Peter Naur described programming as theory building.
Programming in this sense primarily must be the programmers’ building up knowledge of a certain kind, knowledge taken to be basically the programmers’ immediate possession, any documentation being an auxiliary, secondary product.
Naur is talking of a mental model, not the formal and external symbolic expression of an equation or a Java class. The model may need to be sophisticated, but it is also defined by its working immediacy. Your model of the code today may easily be different to a year ago, even if the code has not changed. Naur doesn’t relate the two, but to me it is also reminiscent of what sociologist Patricia Hill Collins calls everyday theory. Hill Collins is referring to theories of society, and she contrasts everyday theory with High Theory constructed in and for an academic setting, like, say, Marx’s dialectical materialism. Everyday theory is collective and social, may lack scholarly depth at times, but it also has the workaday vigour of something used every day to navigate a system.
If we follow Naur in considering the main activity in programming to be building mental models, even if the deliverables are software artefacts, one implication is the cost of building a theory – the cost of learning – dominates everyday coding. Writing a new class is then easier because the mental model is built by the writer while they are writing. At a larger scale, this suggests why the greenfield myth is so beguiling. Architecture suffers the same costs of understanding as programs. There’s a lot of interest in microservices at the moment, which is basically the rewrite elevated to an architectural ideal. I guess it works very well in certain domains and organisations, but I haven’t used auto-balkanisation of this sort myself, and at any rate there are many running systems not written that way.
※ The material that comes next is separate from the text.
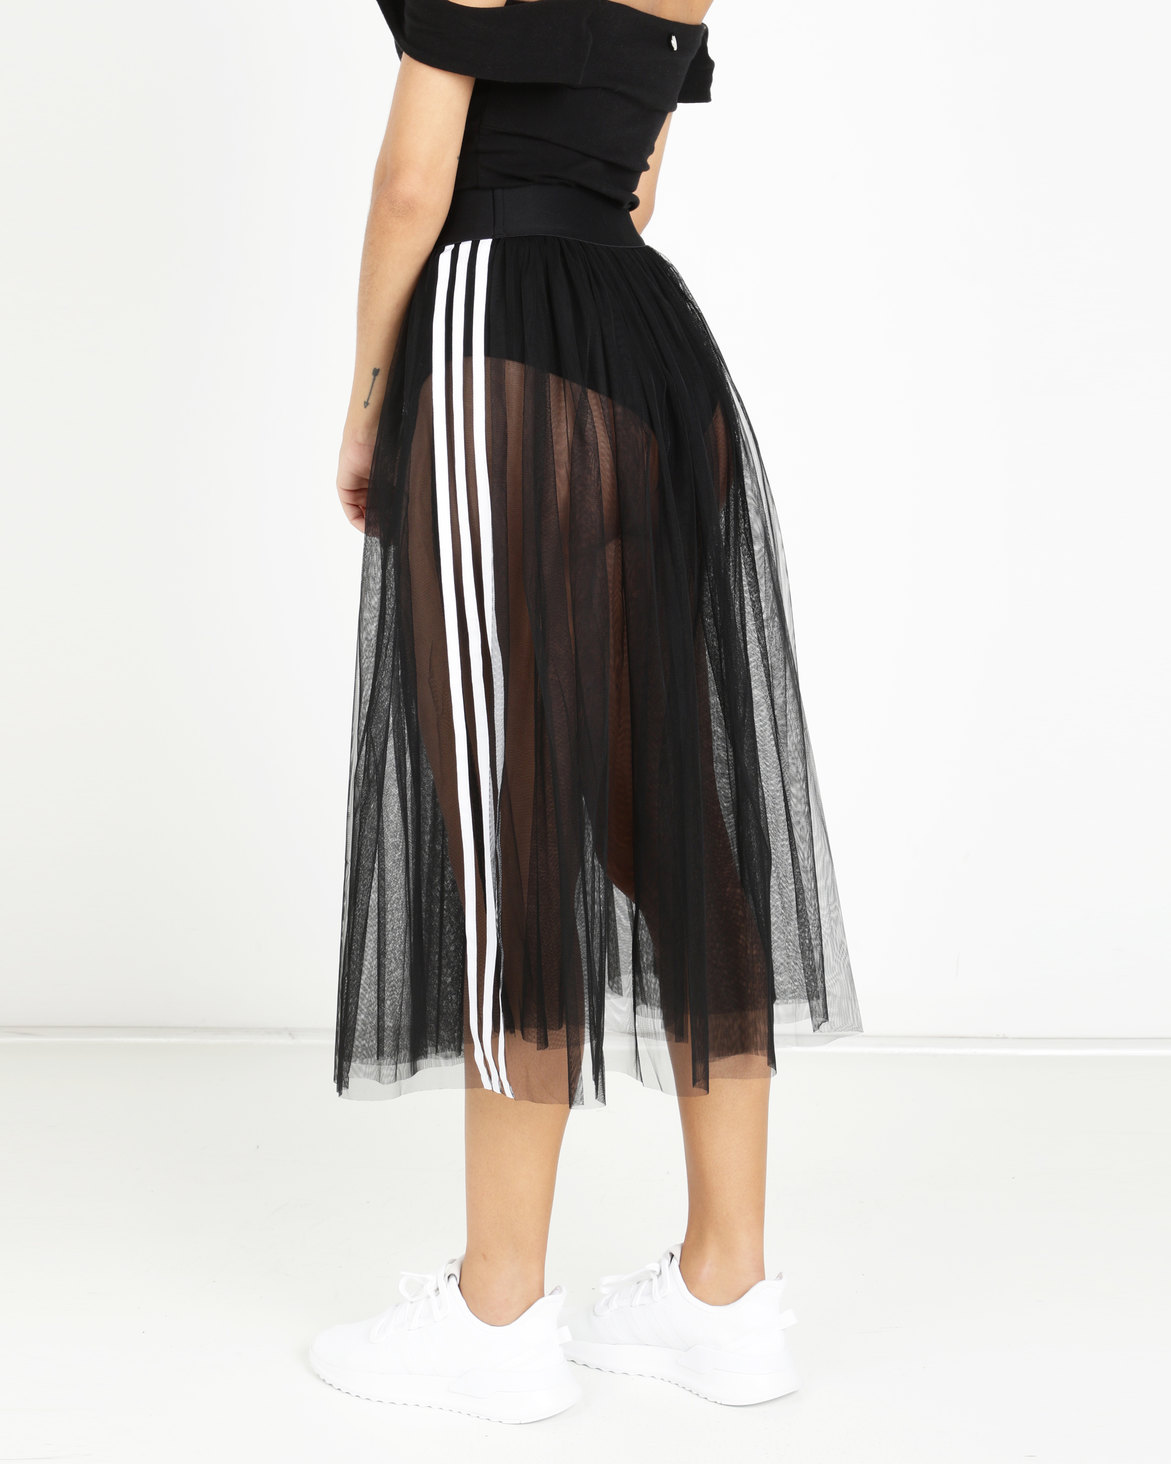 adidas Originals 3 Stripes Skirt Black | Zando

Colouring-in behaviour is a bit harder to describe. It’s when a developer goes to painstaking effort to minimise changes to lines of code, especially structural elements like methods and classes. It’s similar to what Michael Feathers recently described as shoving, except he is using a different spatial metaphor.
Colouring-in is mentally cheaper because of scope. The scope of your working theory doesn’t have to include the interaction of class structures and broader parts of the codebase. From the perspective of the developer and that specific fix, it can even seem neater than more structurally impactful solutions, such as factoring out new methods or consolidating emerging redundancy. Poor unit tests exacerbate this, increasing the risk of errors after changes are made, discouraging refactoring.
Unit tests are also interesting for mental models because they are effectively worked examples of the theory the developer was using at the time. Good tests illustrate an idea as well as describing edge cases, and this decreases the cost of learning, and provides quicker feedback on the suitability of the programmer’s working theory.
The computational material of software is often brittle for a user in the way it runs, but the material itself is strikingly plastic at development time. It’s less like ink painted on paper and more like lego fused with rubber bands. Refactoring recognises this plasticity, and works with it. Compared to reinforced concrete, software is easy to change. Sometimes our minds are not.